- [What you are asked to do]: In this exercise, the entries below include pictures. Repeat exactly the lines from the line with "Massacre FROM BEYOND Vinyl Record" to the line with "Download images ...", including both, but without the pictures.

- [Given data]:
┏━━
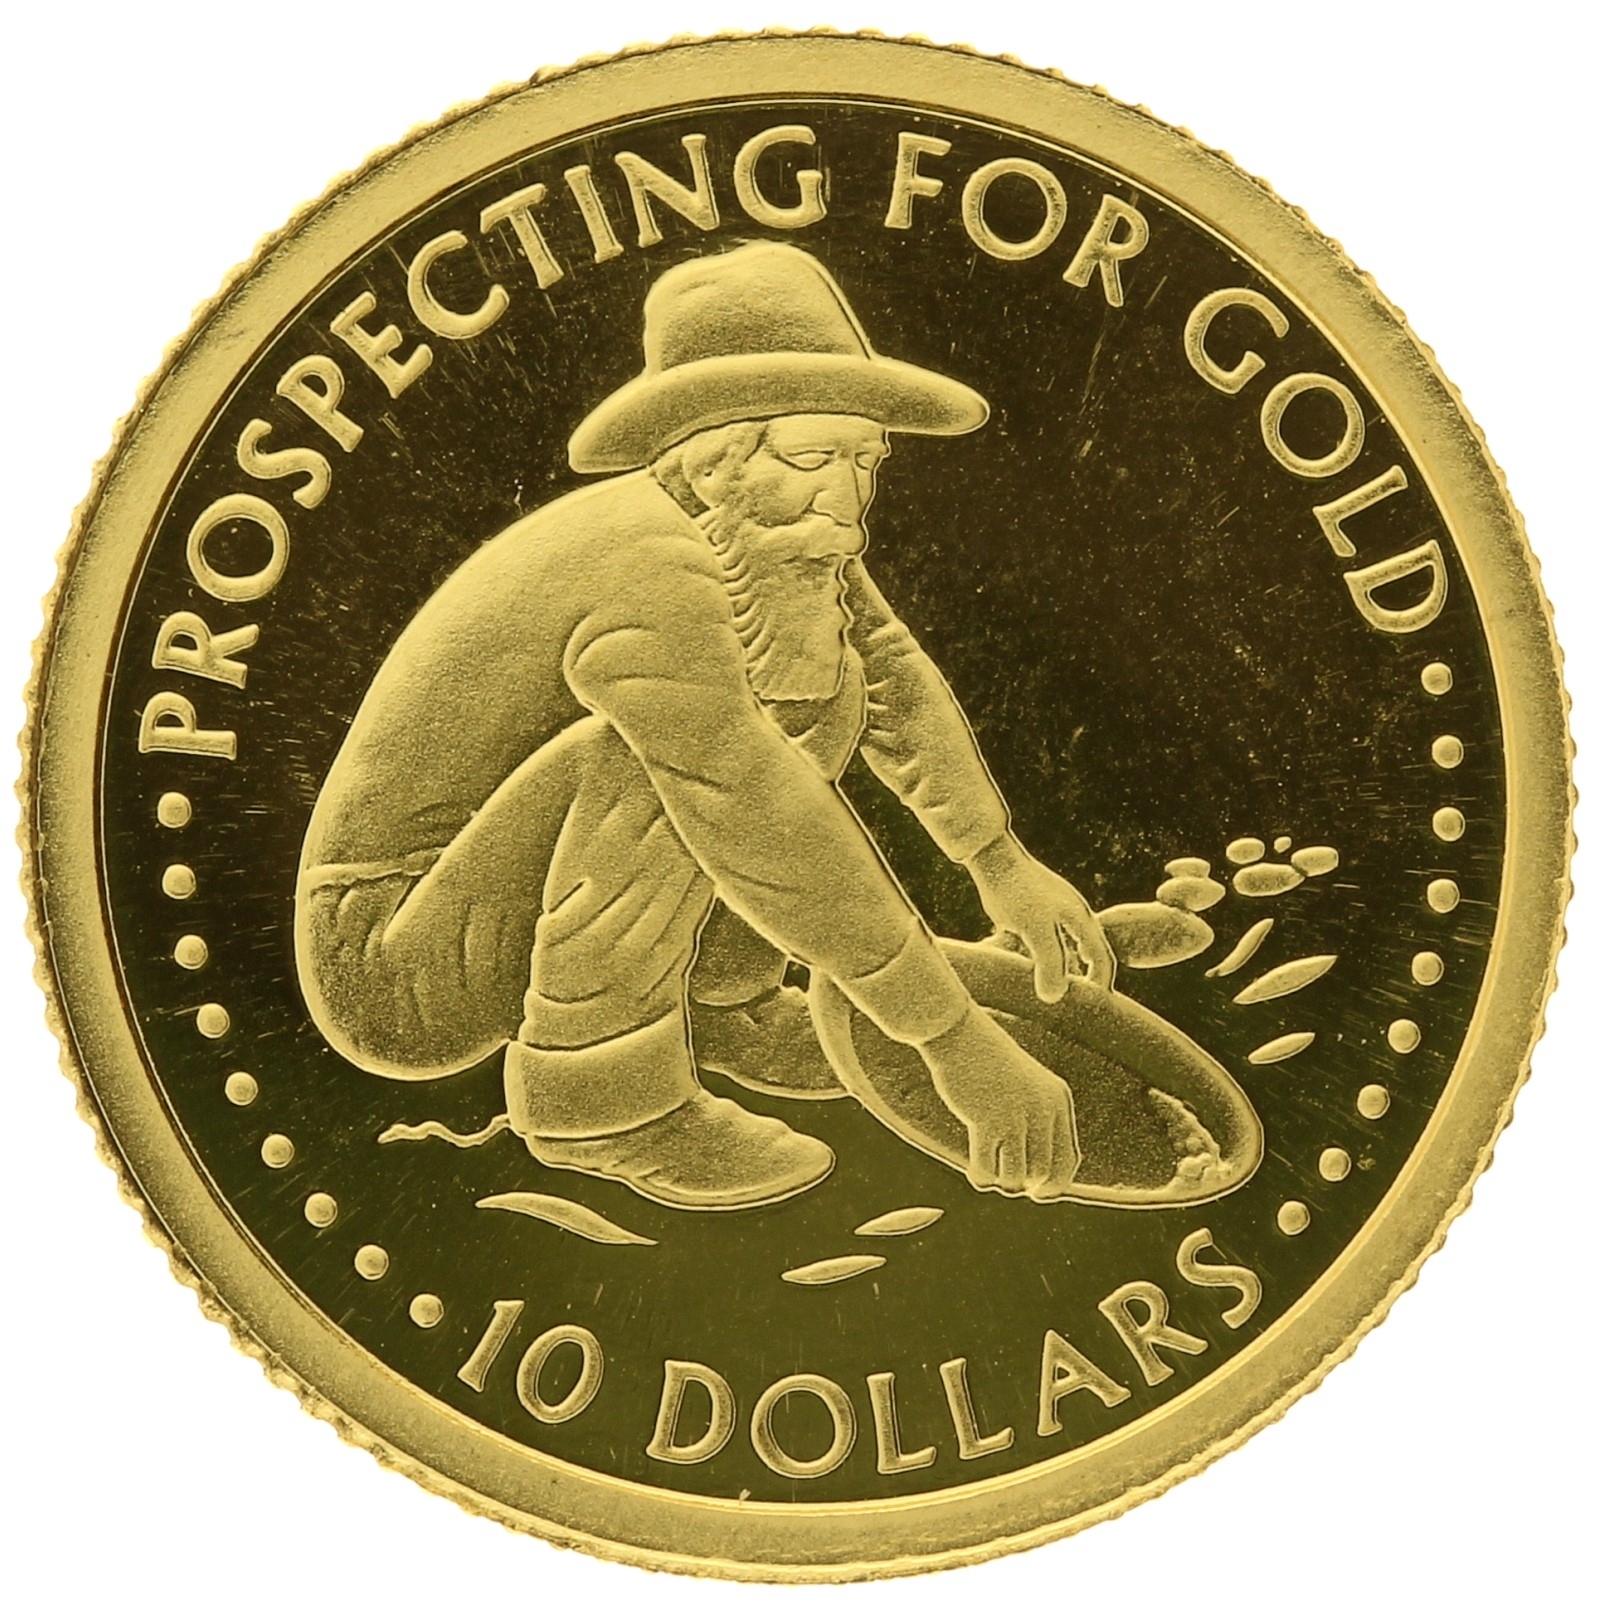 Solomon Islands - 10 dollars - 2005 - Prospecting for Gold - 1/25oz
┗━━
┏━━
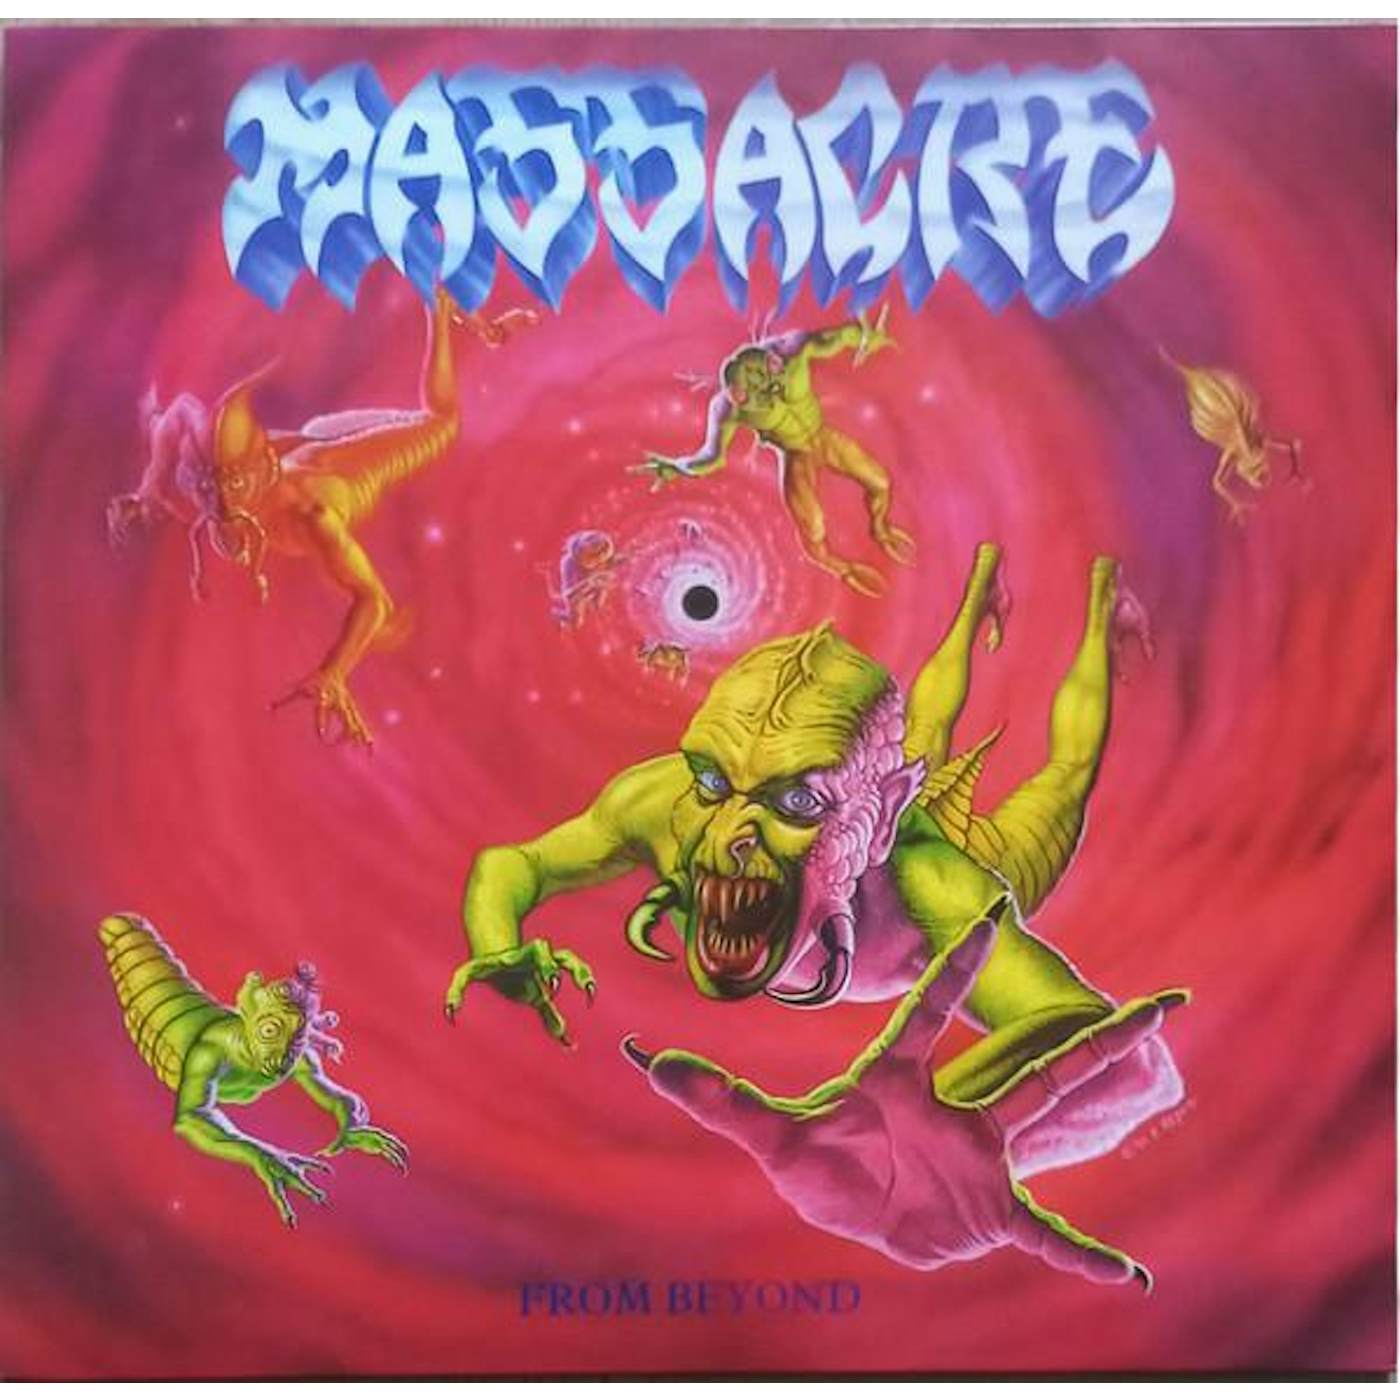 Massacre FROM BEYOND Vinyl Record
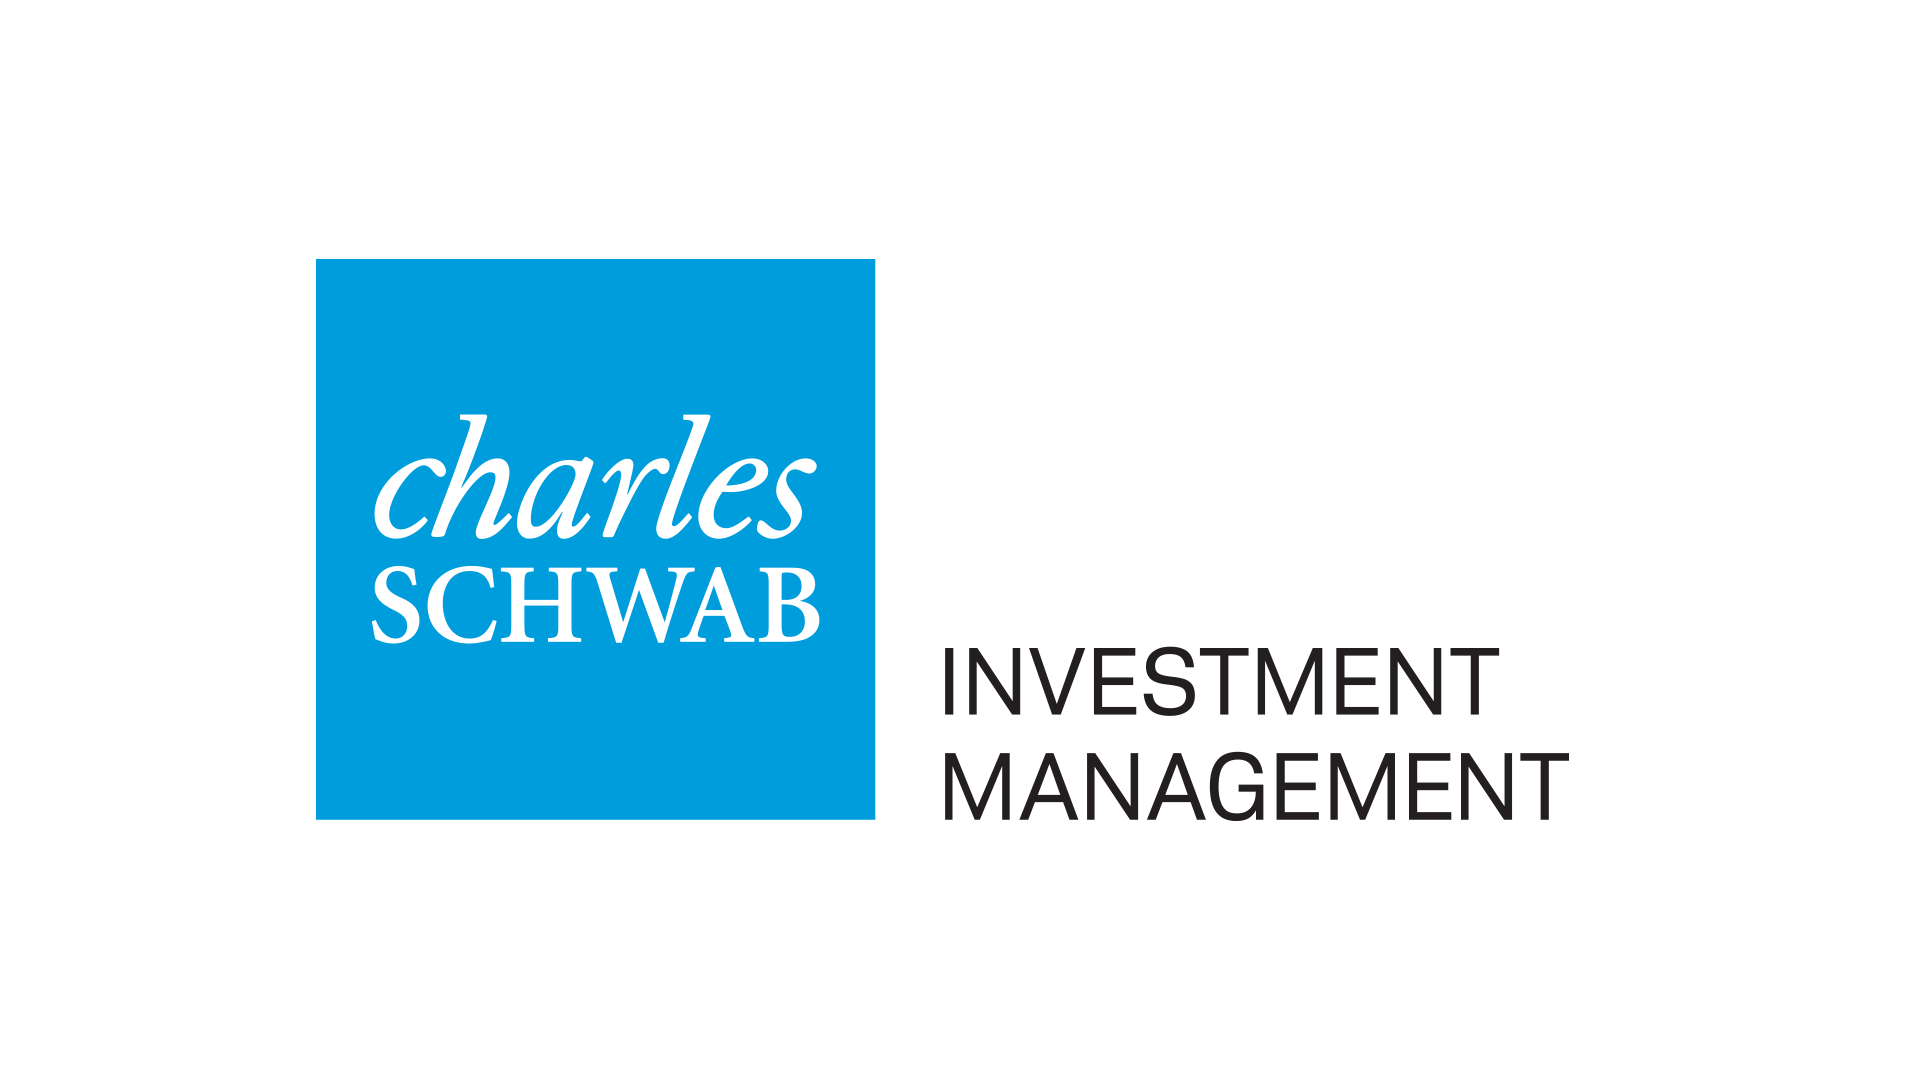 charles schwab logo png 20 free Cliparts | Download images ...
┗━━
- [Response for this exercise]:
 Massacre FROM BEYOND Vinyl Record
 charles schwab logo png 20 free Cliparts | Download images ...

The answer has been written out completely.